ARNOLD ODERMATT
‘Arnold Odermatt’
La Chambre, Strasbourg
14.12.2012 - 03.03.2013
There once was a Swiss officer named Arnold Odermatt, whose photographic work, long neglected, was an international echo while the author was past the age of retirement. Born in 1925 in the canton of Nidwalden in a family of eleven children whose father was a forester, Arnold Odermatt had first served an apprenticeship with a baker. However, the allergy away from his original profession and entered, quite by chance, in the cantonal police, in which he spent the next forty years.
In ten years, Arnold Odermatt won a camera in favor of a competition, which led gradually to develop an autodidact, a photographic practice that can be described as passionate. He took his Rolleiflex dual purpose with him everywhere and photographing the people and landscapes of the region, and later, his wife and children.

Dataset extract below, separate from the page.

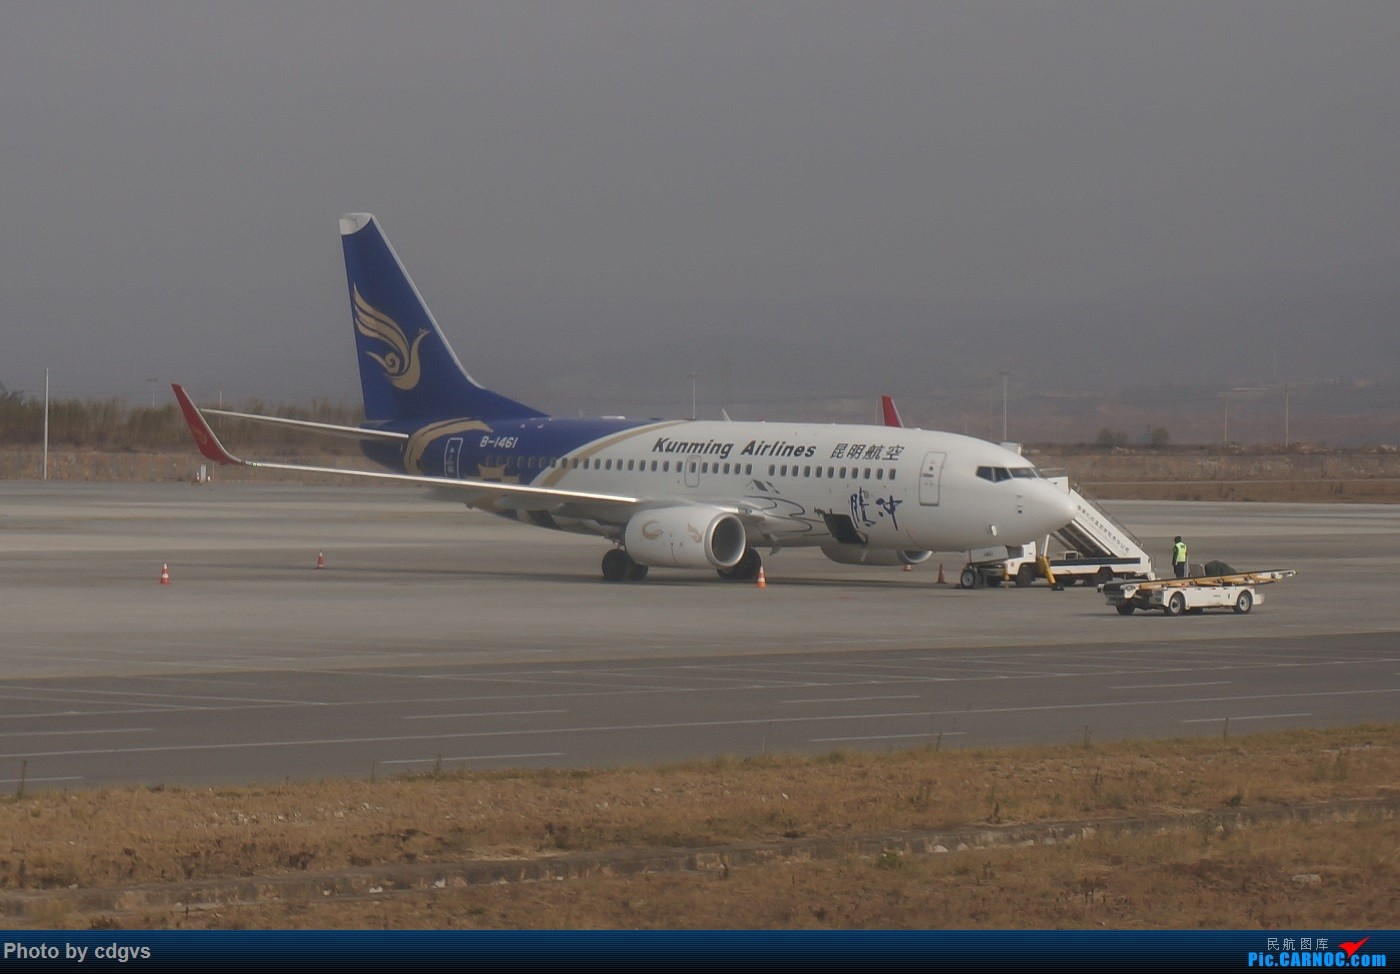 Re:[原创]KMG-LJG-KMG 东航&南航 省内刷航段,飞空客波音两种不同机型 BOEING 737-700 B-1461 中国昆明长水国际机场

This photographic hobby, however, was met with indifference by his entourage, when one day, in the early 1990s, his son, Urs Odermatt rediscovered it. Photographs of police knew then gradual success. Exhibited in 1998 at the police station at the Frankfurt Book Fair, its black and white damaged cars hung the eye of the famous curator Harald Szeemann, who took them at the Venice Biennale in 2001 . Therefore, the shots of the Swiss police were rewarded with international recognition.
This exhibition aims to return to the “legend Odermatt”, through a selection of shots mixing personal and professional lives of the Swiss police which invite us to discover the different facets of the photographic practice Odermatt, whose photographs full of humor also reveal a keen sense of framing and staging.